The experiments were made under Web surf traffic solely and no others involved, of course.)

The spreadsheed makes use of 8 traffic patterns, indexed by 0 through 7.

For every i in 0…7, let

a_i = c_i + x_i
b_i = d_i + y_i

At every time, the qWANdef utilization is

v0 * c0 + ... + v7 * c7

the qWANack utilization is

v0 * x0 + ... + v7 * x7

the qWANroot (ie. uplink) utilization is the sum of the two above:

(v0 * c0 + ... + v7 * c7) + (v0 * x0 + ... + v7 * x7)
= (v0 * c0 + v0 * x0) + ... + (v7 * c7 + v7 * x7)
= v0 * (c0 + x0) + ... + v7 * (c7 + x7)
= v0 * a0 + ... + v7 * a7

the qLANdef utilization is

v0 * d0 + ... + v7 * d7

the qLANack utilization is

v0 * y0 + ... + v7 * y7

the qLANroot (ie. downlink) utilization is the sum of the two above:

(v0 * d0 + ... + v7 * d7) + (v0 * y0 + ... + v7 * y7)
= (v0 * d0 + v0 * y0) + ... + (v7 * d7 + v7 * y7)
= v0 * (d0 + y0) + ... + v7 * (d7 + y7)
= v0 * b0 + ... + v7 * b7

Now we can construct a system of inequations, each represents a constraint, of 8 unknowns v_0 through v_7.

Uplink utilization must not exceed uplink bandwidth:

(C1) v0 * a0 + ... + v7 * a7 <= A

Downlink utilization must not exceed downlink bandwidth:

(C2) v0 * b0 + ... + v7 * b7 <= B

All network traffic must be non-negative:

(C3) v_i >= 0

Additional constraints may be made. For example, if we know that p2p uploading are upper-limited by 80% uplink bandwidth then we may add the constraint:

(C4) v0 * c0 <= A * 0.8

Similarly, if we know that p2p downloading are upper-limited by 80% downlink bandwidth then we may add the constraint:

(C5) v1 * d1 <= B * 0.8

The bounds like A and B are to be filled as values in row 3 of the Excel spreadsheet. The bounds like A0.8 and B0.8 are pre-filled as formulars in columns 8 and 9 of the sheet.

The MS Excel Solver find a solution of (C1)-(C5) that maximize a user-selected target cell. Note that we are concerned of queues' utilization implied from the solution, not the solution itself. Of particular interest may be the utilization of qWANack, qLANack, uplink and downlink. The spreadsheet includes formulars for them. We can select one of them as the target and observe others as the implied consequence.
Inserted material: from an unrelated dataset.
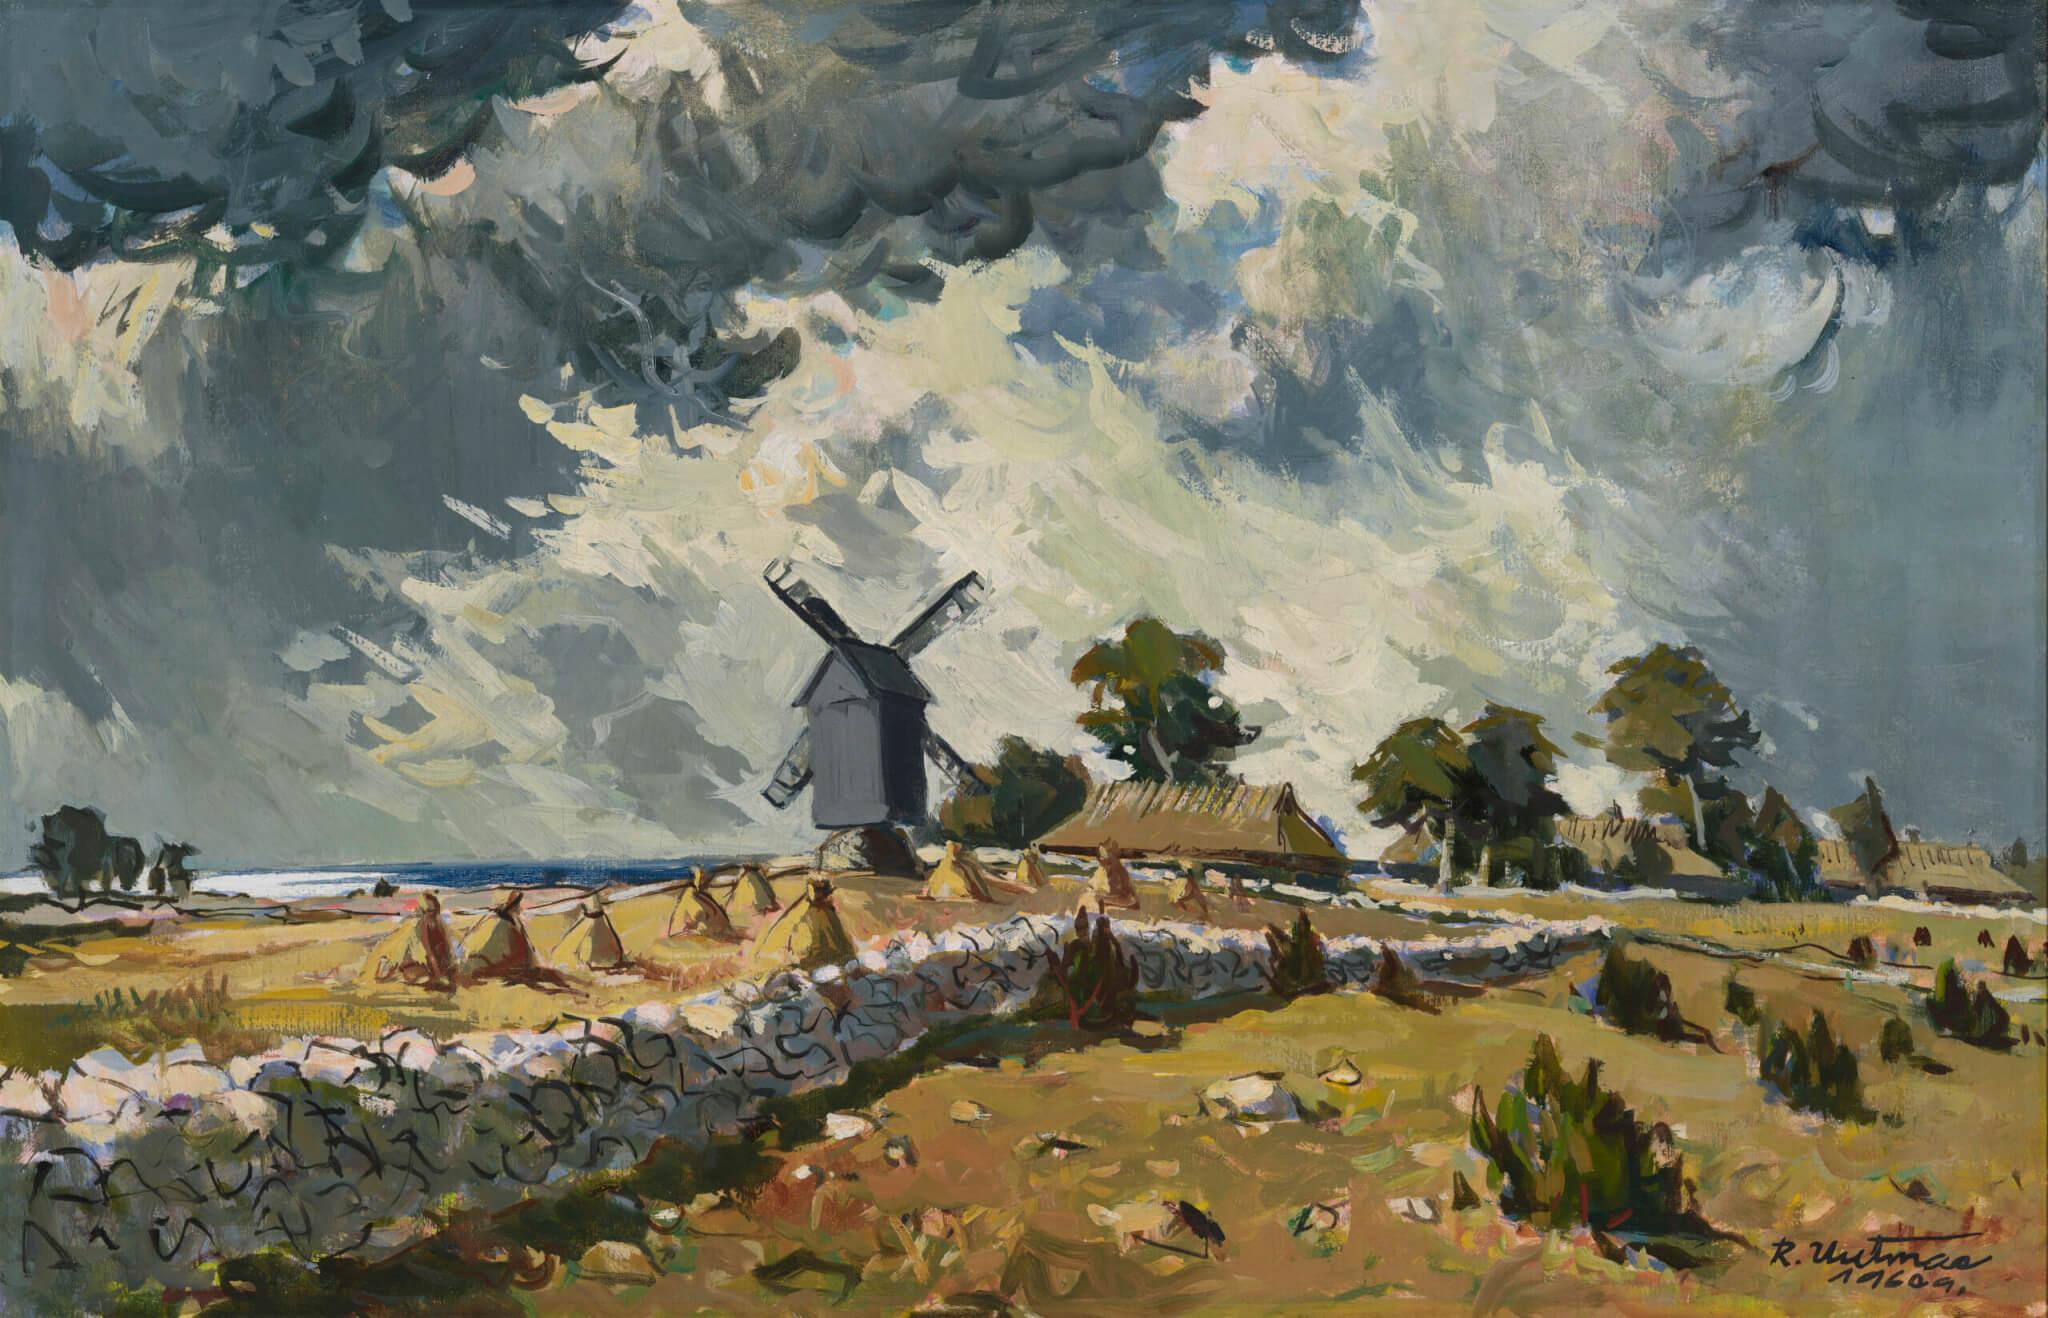 Richard-Uutmaa-näitus-Allee-kunstigalerii-Tallinn

As I've said, the Excel is for the purpose of analysis. It's not suitable and not worth to integrate in the Wizard as such.

eri--

A = interface/tocken bucket bandwidth
c = observed from the samples.
x = observed from the samples.

SO you are saying that the basic equation for a queue is:
A >= c*x (if we have a single queue under A).

and it transforms to
A >= sum(c_i* x_i) (for i queues).
and each queue gets c_i + x_i

If that is right and one wants to write a daemon that start by the assumtion of the constants calculated/observed by your testings and smaples traffic to adjust the i queues accordingly how can one calculate the c_i/x_i to be used later on a new calculation.
Basically can you provide even the calculation for the variables so one can write such a daemon?!

I hope to have understood your explanation. The rationale of integrating this with the wizard is to be coupled with such a daemon to make sense.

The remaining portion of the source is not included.